Basic asset-based scheduling in Apache Airflow®
Basic asset-based scheduling in Apache Airflow®
With Assets, Dags that access the same data can have explicit, visible relationships, and Dags can be scheduled based on updates to these assets. This feature helps make Airflow data-aware and expands Airflow scheduling capabilities beyond time-based methods such as cron.
Assets can help resolve common issues. For example, consider a data engineering team with a Dag that creates a table with cleaned data and a machine learning team with a Dag that trains a model on that data. Using assets, the machine learning team’s Dag runs only when the data engineering team’s Dag has produced an update to the asset. An asset represent anything, from a table in a database, to a file in object storage, to a fine-tuned LLM, to an abstract entity like a certain business process having completed.
In this guide, you’ll learn:
- When to use assets in Airflow.
- Basic asset concepts and terminology.
- How to schedule Dags based on basic asset schedules.
- How to update assets in Airflow.
- How to view asset dependencies in the Airflow UI.
- Which options exist for advanced asset-based scheduling.
Assets are a separate feature from object storage, which allows you to interact with files in cloud and local object storage systems. To learn more about using Airflow to interact with files, see Use Airflow object storage to interact with cloud storage in an ML pipeline.
Assumed knowledge
To get the most out of this guide, you should have an existing knowledge of:
- Airflow scheduling concepts. See Schedule Dags in Airflow.
When to use Airflow assets
Assets allow you to define explicit dependencies between Dags and updates to your data.
Basic asset-based scheduling helps you to:
- Standardize communication between teams. Assets can function like an API to communicate when data in a specific location has been updated and is ready for use.
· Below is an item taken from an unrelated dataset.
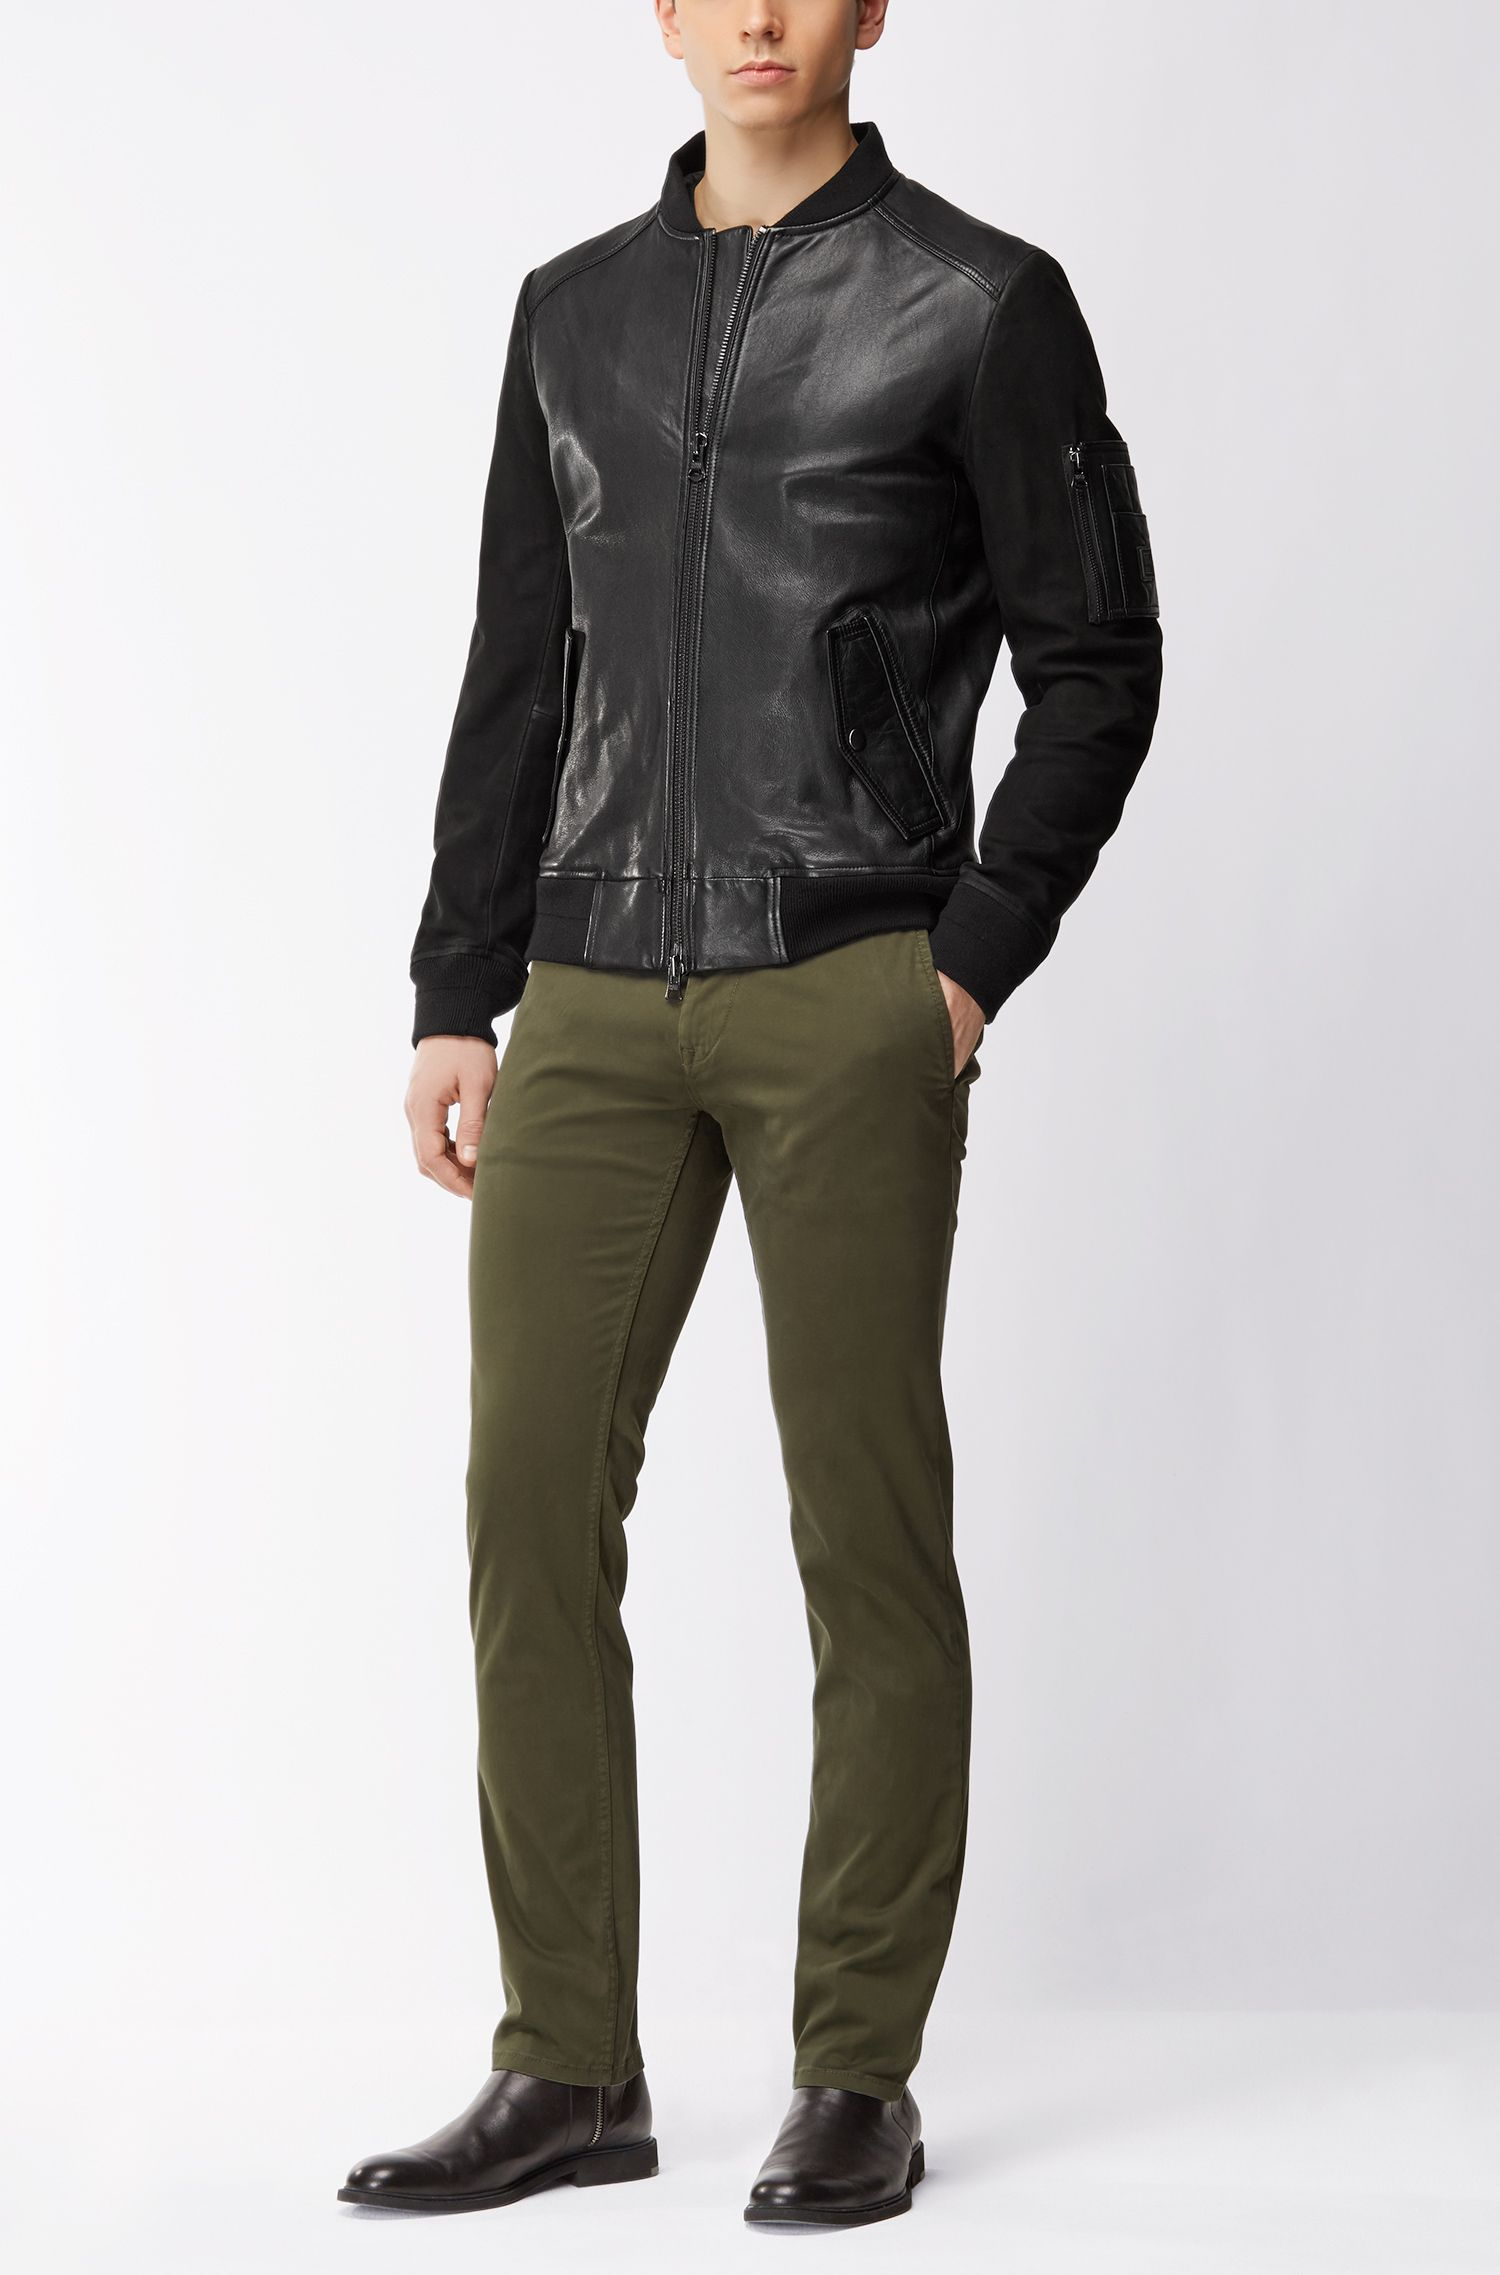 Sheepskin Leather Bomber Jacket | Jixx

- Reduce the amount of code necessary to implement cross-Dag dependencies. Even if your Dags don’t depend on data updates, you can create a dependency that triggers a Dag after a task in another Dag updates an asset.
- Get better visibility into how your Dags are connected and how they depend on data. The Assets graphs in the Airflow UI display how assets and Dags depend on each other and can be used to navigate between them.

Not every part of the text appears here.